Look in the material below for the line holding "с Украиной. Фото". Set it down exactly, with each later line up to and including the line holding "our service - 2.segmentation".
——————
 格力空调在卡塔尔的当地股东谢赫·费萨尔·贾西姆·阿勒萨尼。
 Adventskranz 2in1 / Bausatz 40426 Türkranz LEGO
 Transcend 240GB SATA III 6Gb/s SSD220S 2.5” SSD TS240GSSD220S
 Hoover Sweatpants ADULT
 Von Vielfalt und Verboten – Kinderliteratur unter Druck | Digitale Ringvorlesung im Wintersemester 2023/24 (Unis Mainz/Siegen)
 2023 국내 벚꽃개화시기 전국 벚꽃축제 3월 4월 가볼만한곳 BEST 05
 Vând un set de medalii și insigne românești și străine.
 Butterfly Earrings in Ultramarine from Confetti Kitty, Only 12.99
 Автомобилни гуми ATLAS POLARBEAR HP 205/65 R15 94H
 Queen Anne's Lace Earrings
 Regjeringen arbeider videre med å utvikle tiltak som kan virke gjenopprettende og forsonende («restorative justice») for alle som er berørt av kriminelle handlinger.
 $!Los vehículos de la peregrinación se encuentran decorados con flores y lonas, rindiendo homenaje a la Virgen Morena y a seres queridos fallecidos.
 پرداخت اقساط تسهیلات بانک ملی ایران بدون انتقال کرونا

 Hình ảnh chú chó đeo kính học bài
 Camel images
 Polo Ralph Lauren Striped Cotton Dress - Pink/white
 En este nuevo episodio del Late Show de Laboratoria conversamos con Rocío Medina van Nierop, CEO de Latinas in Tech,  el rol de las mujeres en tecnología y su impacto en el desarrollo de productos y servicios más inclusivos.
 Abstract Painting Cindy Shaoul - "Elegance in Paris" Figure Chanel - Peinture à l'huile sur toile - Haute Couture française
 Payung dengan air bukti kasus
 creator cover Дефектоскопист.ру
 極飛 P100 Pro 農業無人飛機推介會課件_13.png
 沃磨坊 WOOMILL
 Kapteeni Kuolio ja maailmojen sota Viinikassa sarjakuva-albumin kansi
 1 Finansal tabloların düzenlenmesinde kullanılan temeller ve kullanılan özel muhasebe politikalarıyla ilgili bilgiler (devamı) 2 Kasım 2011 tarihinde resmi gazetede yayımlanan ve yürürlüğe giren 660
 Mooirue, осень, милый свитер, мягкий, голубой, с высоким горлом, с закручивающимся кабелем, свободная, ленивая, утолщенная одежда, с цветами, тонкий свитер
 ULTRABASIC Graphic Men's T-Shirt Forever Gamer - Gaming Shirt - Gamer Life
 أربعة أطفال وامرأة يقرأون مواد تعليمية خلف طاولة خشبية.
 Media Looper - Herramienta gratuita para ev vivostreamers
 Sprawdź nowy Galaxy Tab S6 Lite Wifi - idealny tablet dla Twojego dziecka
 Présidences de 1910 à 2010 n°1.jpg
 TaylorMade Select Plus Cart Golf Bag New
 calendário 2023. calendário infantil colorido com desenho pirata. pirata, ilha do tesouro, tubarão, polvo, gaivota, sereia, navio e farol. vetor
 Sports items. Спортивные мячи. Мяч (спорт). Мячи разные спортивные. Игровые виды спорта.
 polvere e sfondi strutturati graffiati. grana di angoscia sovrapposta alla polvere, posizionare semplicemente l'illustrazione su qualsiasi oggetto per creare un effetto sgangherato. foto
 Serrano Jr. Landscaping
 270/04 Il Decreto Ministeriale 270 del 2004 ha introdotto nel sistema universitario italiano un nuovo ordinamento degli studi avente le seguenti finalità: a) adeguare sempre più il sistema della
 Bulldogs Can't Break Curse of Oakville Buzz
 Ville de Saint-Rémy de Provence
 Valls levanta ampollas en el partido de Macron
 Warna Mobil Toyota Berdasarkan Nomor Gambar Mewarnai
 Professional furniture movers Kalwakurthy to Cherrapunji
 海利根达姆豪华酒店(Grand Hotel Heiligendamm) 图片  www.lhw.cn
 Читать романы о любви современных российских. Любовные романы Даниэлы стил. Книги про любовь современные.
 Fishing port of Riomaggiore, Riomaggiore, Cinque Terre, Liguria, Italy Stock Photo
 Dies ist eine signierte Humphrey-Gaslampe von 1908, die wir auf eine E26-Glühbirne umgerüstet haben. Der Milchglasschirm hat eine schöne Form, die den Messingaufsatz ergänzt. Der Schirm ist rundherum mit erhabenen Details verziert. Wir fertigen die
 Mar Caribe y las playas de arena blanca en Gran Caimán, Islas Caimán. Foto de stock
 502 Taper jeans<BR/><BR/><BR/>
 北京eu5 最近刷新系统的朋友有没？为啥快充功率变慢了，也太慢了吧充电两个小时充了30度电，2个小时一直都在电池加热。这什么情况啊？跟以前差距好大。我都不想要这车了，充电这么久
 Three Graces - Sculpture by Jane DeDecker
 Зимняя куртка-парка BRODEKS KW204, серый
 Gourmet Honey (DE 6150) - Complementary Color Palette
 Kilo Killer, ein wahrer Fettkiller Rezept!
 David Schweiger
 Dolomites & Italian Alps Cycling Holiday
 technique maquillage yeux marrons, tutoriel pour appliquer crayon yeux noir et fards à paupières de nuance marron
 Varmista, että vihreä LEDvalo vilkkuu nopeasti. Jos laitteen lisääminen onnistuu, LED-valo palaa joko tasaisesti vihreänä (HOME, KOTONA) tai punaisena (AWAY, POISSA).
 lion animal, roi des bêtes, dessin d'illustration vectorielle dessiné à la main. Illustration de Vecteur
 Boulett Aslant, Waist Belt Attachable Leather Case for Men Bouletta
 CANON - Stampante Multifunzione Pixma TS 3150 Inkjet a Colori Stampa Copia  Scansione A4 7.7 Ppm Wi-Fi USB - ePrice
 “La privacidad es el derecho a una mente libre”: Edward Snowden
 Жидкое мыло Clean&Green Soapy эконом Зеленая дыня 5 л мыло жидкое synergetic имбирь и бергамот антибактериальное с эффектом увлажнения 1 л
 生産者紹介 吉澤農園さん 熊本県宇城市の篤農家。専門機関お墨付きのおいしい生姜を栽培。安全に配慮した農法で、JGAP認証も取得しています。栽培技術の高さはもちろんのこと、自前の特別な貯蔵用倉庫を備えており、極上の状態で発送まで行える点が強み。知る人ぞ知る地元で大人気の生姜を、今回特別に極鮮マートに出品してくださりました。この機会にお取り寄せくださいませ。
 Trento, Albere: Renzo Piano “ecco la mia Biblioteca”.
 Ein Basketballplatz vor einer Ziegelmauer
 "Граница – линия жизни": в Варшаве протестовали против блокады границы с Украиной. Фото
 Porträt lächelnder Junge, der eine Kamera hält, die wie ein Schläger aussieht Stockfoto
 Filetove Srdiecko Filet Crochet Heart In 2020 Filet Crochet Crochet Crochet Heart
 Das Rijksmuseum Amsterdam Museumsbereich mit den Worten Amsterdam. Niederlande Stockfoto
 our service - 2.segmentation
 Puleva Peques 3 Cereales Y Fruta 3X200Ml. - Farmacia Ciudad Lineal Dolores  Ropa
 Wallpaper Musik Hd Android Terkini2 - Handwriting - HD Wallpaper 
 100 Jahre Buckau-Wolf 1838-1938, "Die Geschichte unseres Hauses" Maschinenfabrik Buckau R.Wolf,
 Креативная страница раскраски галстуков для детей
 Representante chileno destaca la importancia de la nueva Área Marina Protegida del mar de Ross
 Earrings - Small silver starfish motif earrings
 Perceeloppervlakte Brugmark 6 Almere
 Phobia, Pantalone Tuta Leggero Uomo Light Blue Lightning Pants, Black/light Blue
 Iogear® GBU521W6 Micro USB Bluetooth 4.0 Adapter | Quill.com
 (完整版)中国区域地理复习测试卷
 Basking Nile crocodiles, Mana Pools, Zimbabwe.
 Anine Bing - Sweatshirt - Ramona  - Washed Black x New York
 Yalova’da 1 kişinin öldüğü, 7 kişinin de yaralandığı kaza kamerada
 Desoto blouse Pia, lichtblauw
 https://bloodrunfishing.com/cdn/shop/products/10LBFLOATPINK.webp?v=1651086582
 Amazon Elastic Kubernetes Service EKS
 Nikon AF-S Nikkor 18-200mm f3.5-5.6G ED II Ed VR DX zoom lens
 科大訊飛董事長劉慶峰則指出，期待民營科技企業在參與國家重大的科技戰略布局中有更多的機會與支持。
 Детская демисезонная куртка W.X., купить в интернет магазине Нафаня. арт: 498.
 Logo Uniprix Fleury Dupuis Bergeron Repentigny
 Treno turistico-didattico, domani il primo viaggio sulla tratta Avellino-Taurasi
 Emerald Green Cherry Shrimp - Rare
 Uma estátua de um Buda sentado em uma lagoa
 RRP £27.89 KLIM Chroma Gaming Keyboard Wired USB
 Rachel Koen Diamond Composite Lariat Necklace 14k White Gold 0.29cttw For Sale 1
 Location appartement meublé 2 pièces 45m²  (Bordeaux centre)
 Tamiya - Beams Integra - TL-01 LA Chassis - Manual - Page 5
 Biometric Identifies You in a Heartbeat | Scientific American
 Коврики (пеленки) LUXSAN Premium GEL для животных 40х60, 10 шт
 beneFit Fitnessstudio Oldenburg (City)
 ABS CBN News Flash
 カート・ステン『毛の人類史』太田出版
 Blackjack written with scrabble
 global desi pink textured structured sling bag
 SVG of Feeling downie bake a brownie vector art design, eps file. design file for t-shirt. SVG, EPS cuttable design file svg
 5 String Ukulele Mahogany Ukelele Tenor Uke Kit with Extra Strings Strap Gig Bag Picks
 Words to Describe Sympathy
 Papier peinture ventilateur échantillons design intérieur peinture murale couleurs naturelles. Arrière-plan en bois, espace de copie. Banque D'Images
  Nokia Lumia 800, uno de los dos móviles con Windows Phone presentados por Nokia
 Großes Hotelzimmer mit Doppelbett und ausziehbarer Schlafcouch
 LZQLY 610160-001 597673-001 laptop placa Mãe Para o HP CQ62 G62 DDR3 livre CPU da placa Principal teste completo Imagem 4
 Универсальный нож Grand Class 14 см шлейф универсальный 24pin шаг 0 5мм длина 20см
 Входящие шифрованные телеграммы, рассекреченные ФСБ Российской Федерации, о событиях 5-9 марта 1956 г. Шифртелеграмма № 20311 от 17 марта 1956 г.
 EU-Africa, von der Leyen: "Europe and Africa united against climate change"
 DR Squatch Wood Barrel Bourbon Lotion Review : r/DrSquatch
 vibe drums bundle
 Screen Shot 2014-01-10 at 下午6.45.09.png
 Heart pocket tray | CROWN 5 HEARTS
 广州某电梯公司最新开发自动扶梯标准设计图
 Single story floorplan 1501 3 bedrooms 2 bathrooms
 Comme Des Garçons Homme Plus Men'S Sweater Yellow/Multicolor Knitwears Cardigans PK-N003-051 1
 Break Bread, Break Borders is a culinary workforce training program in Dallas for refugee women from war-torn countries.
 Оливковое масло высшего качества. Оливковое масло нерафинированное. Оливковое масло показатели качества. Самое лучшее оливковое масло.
——————
§ ANSWER SECTION:
 "Граница – линия жизни": в Варшаве протестовали против блокады границы с Украиной. Фото
 Porträt lächelnder Junge, der eine Kamera hält, die wie ein Schläger aussieht Stockfoto
 Filetove Srdiecko Filet Crochet Heart In 2020 Filet Crochet Crochet Crochet Heart
 Das Rijksmuseum Amsterdam Museumsbereich mit den Worten Amsterdam. Niederlande Stockfoto
 our service - 2.segmentation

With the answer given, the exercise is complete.